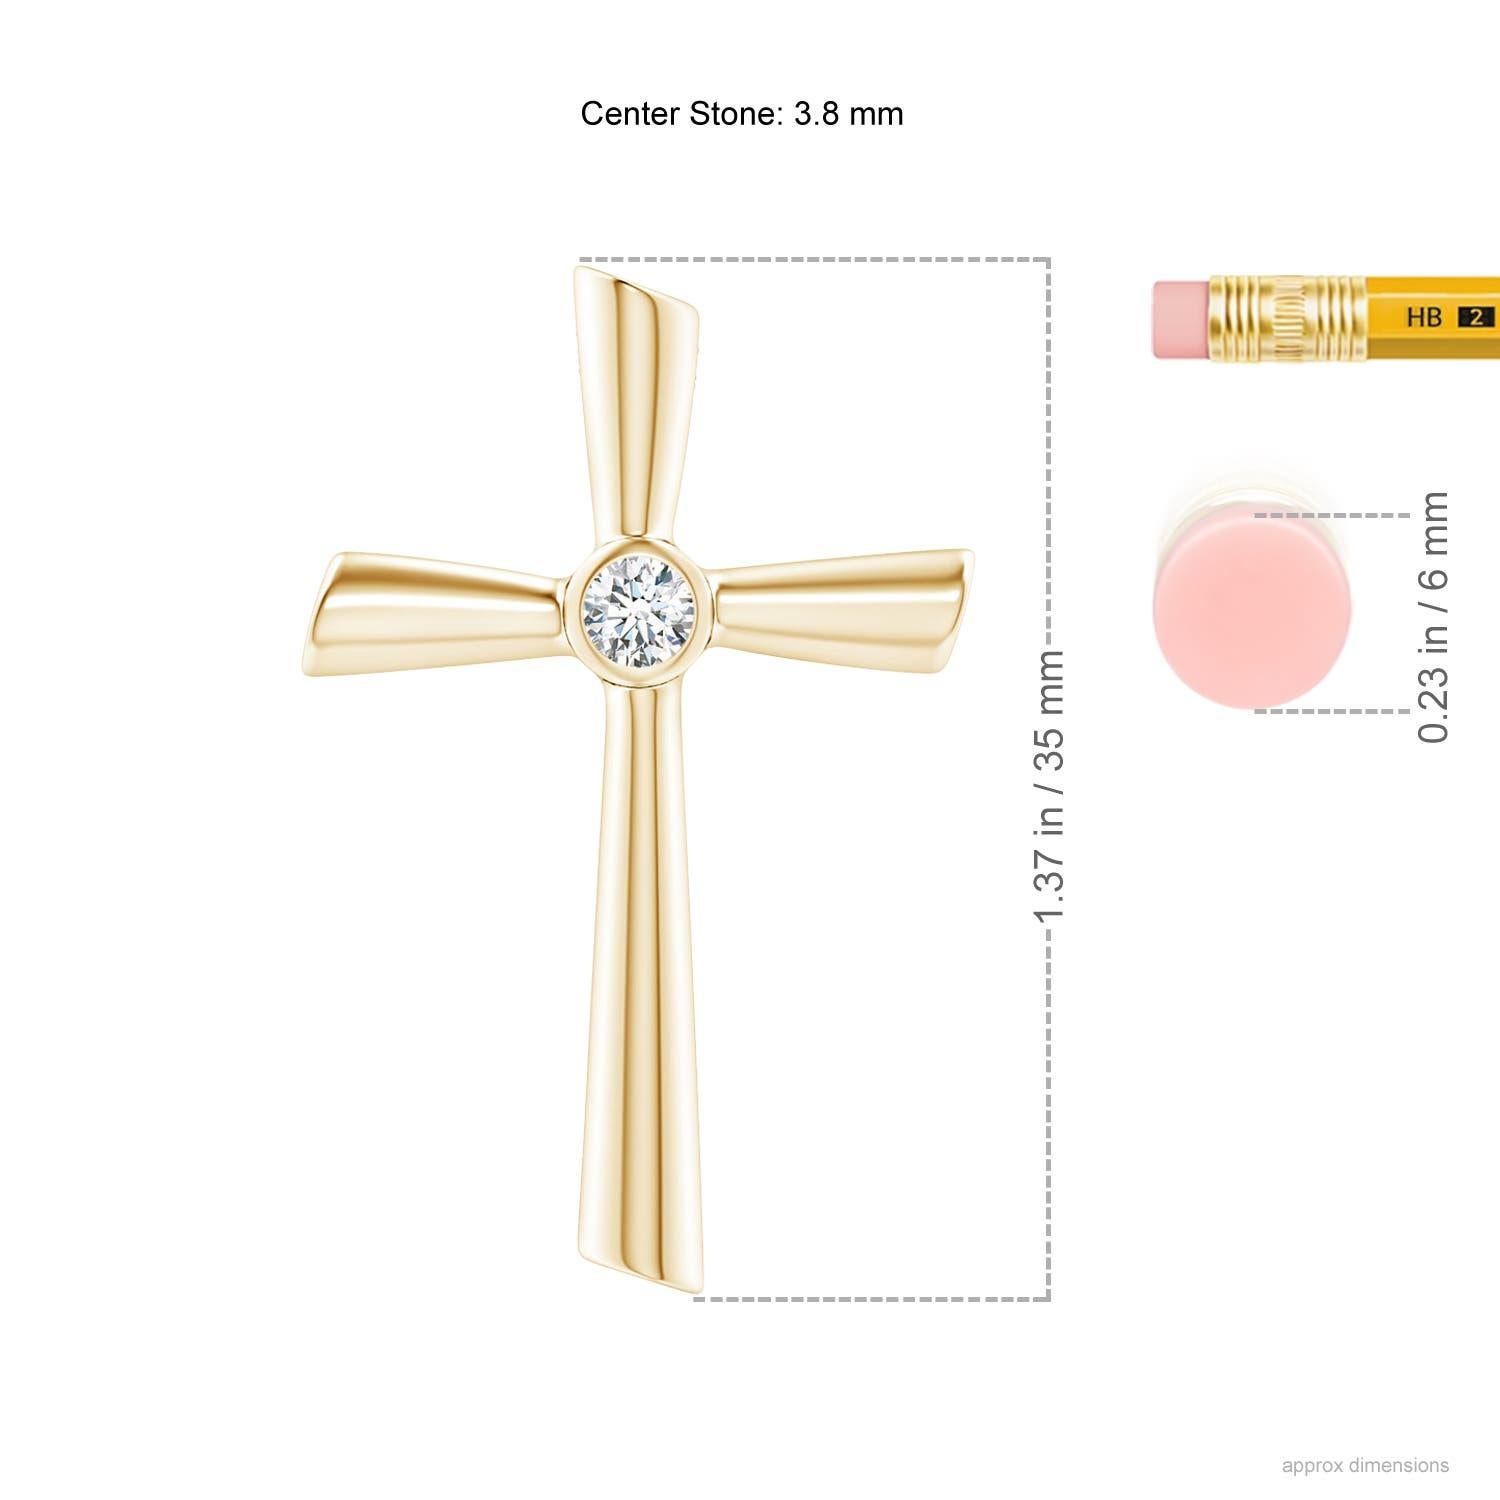 Conçu en or jaune 14k, ce pendentif crucifix en diamant est orné d'un diamant solitaire scintillant en son centre. Les rainures ont une allure réfléchissante qui complète la brillance du diamant rond.
Le diamant est la pierre de naissance du mois
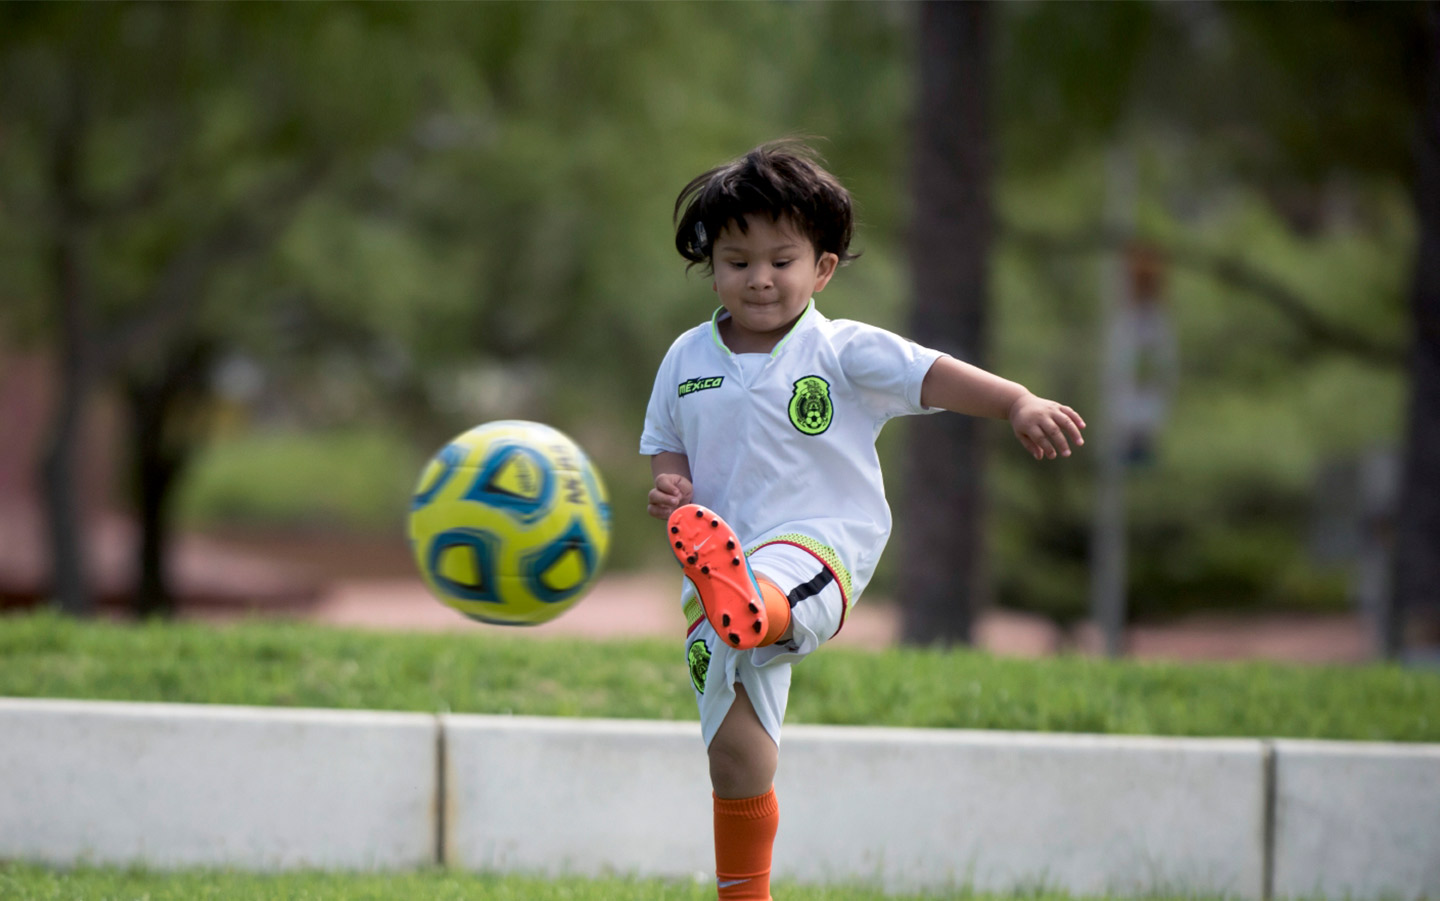 Baha-puheprosessoria käyttävä lapsi pelaa jalkapalloa

#### [Your goal]
Every line above is to be duplicated exactly; no picture should be carried over.

#### [Reply to the exercise]
 Conçu en or jaune 14k, ce pendentif crucifix en diamant est orné d'un diamant solitaire scintillant en son centre. Les rainures ont une allure réfléchissante qui complète la brillance du diamant rond.
Le diamant est la pierre de naissance du mois
 Baha-puheprosessoria käyttävä lapsi pelaa jalkapalloa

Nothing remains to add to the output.